Under the GLM setting for the analysis of a normally-distributed primary
outcome Y, estimates of the parameters
\(\alpha_0, \alpha_1, \alpha_2, \alpha_3, \sigma_1^2, \alpha_4, \alpha_{XY}, \sigma_2^2\)
are obtained by constructing estimating equations for the models
$$Y = \alpha_0 + \alpha_1 \cdot K + \alpha_2 \cdot X + \alpha_3 \cdot L + \epsilon_1, \epsilon_1 \sim N(0,\sigma_1^2)$$
$$Y^* = Y - \overline{Y} - \alpha_1 \cdot (K-\overline{K})$$
$$Y^* = \alpha_0 + \alpha_{XY} \cdot X + \epsilon_2, \epsilon_2 \sim N(0,\sigma_2^2).$$
Under the AFT setting for the analysis of a censored time-to-event primary
outcome, estimates of the parameters
\(\alpha_0, \alpha_1, \alpha_2, \alpha_3, \sigma_1, \alpha_4, \alpha_{XY}, \sigma_2^2\)

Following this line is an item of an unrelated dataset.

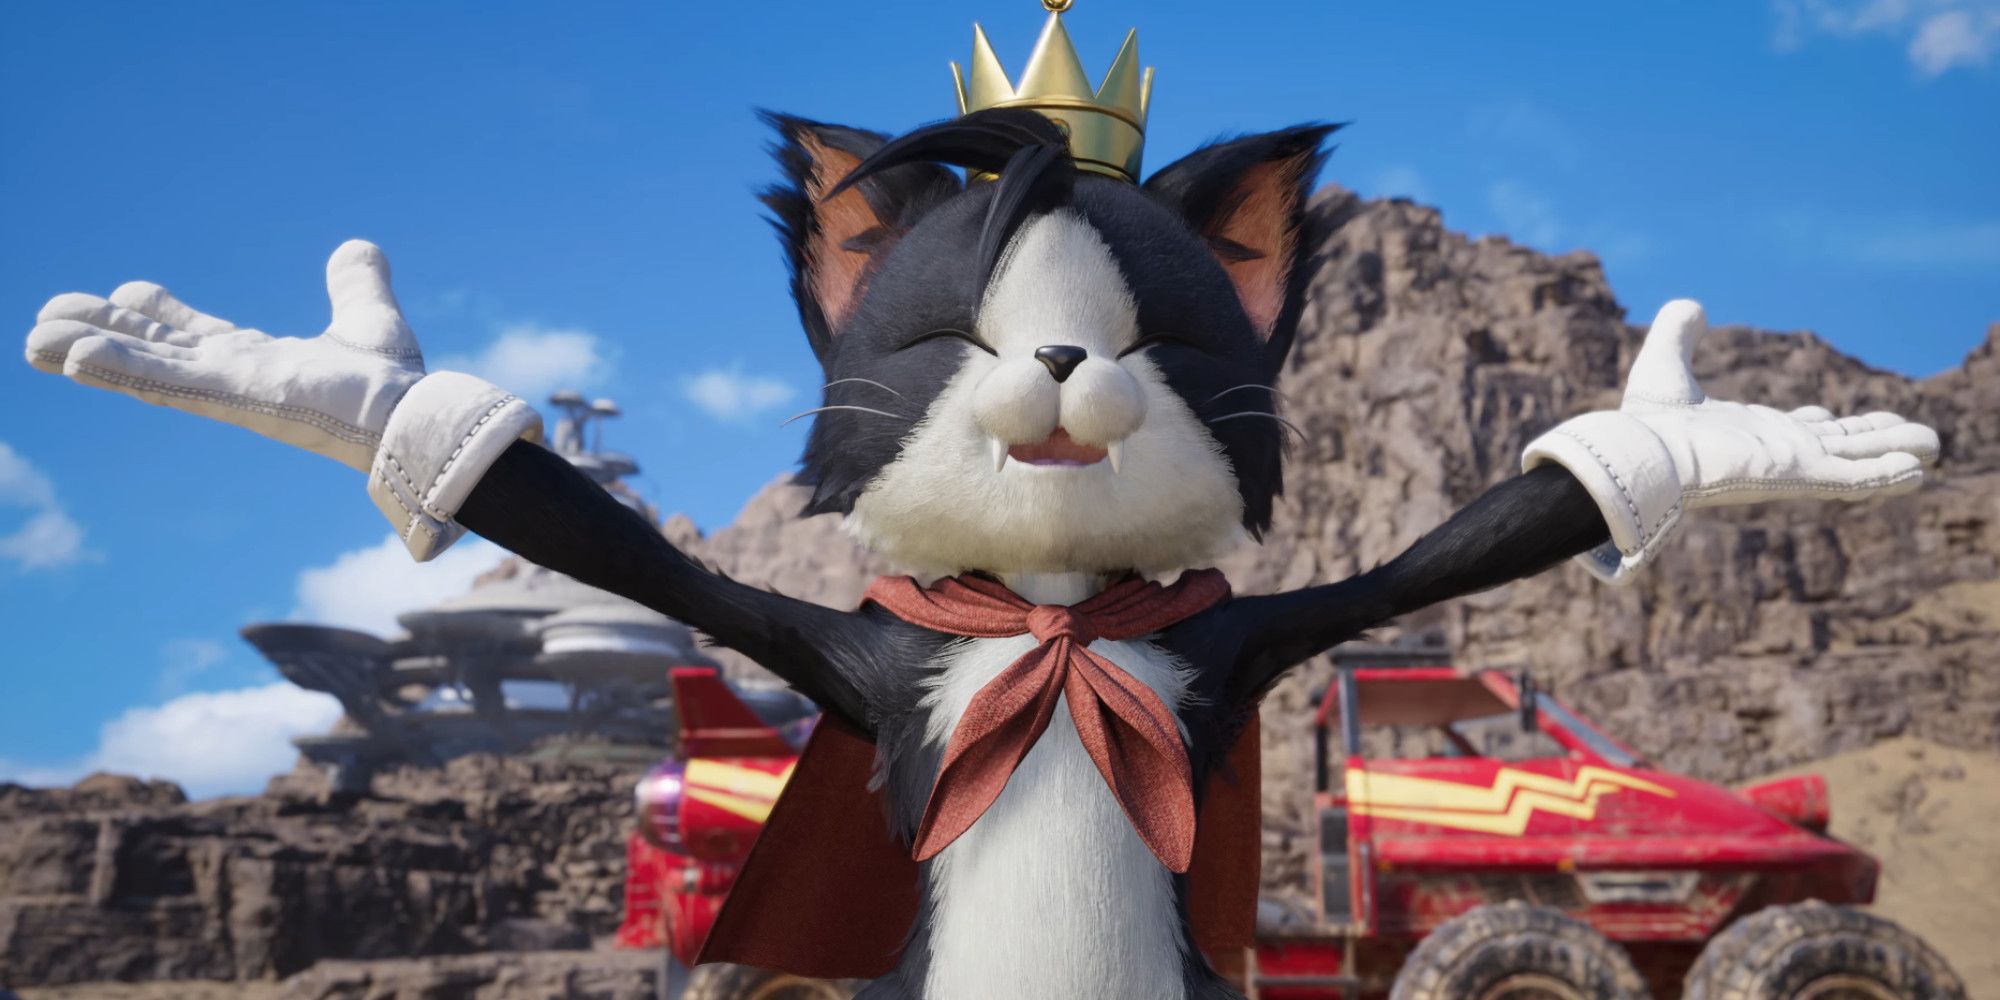 Cait Sith with his arms out in front of a vehicle in Final Fantasy 7 Rebirth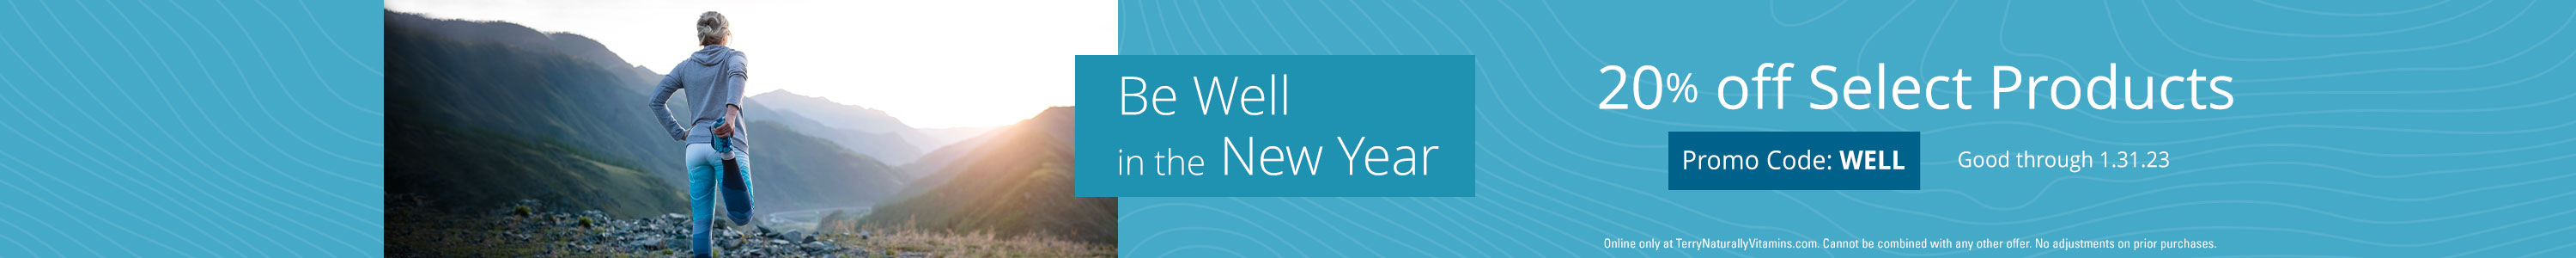 Be Well in the New Year

are obtained by constructing
similar estimating equations based on a censored regression model and adding
an additional computation to estimate the true underlying survival times.
In addition to the parameter estimates, the mean of the estimated true
survival times is computed and returned in the output. For more details and
the underlying model, see the vignette.
For both settings, the point estimates based on estimating equations equal
least squares (and maximum likelihood) estimates, and are obtained using
the lm and survreg
functions for computational purposes.